The man breathed in hard and took a watch out of his pocket.
“They’re here already, the relief patrol, they’ve come early,” he said. In his cracked voice I could make out distress and anxiety, and the wish not to convey either of those feelings.
“What do we do now?” I whispered.
“Get out as quickly as possible,” he said immediately. “Get dressed, fast.”
“And the pistols that are left?”
“Doesn’t matter. What you’ve got to do now is escape: it won’t be long before the soldiers come in to check that everything’s in order.”
As I wrapped myself in the haik, my hands trembling, he unstrapped a filthy canvas sack from his belt and began shoving the pistols inside.
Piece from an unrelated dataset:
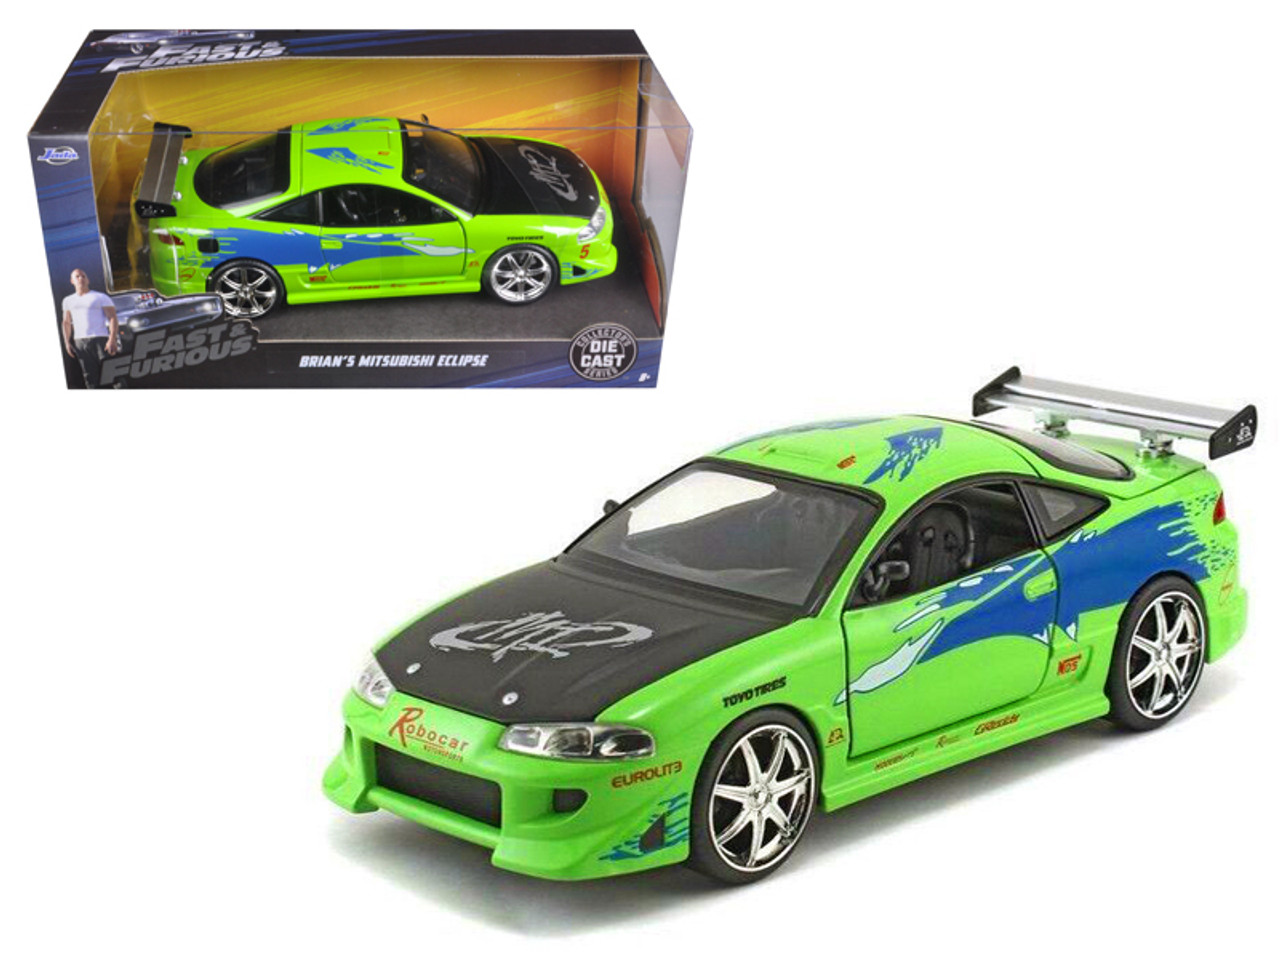 Artisan Collection Fast & Furious The Fast and the Furious (2001

“Which way do we get out?” I whispered.
“That way,” he said, raising his head and gesturing at the window with his chin. “You jump first, then I’ll throw the pistols and come out myself. But listen carefully: if I’m not able to join you, take the pistols, run with them parallel to the tracks, and leave them next to the first sign you see announcing a stop or a station, and someone will go get them. Don’t look back and don’t wait for me; just run and escape. All right, let’s go—get ready to get up there, put a foot in my hands.”
I looked up at the narrow window. It seemed impossible that we’d fit through it, but I didn’t say anything. I was so afraid that I just did exactly what I was told, blindly trusting the decisions of this anonymous Mason whose name I’d never learned.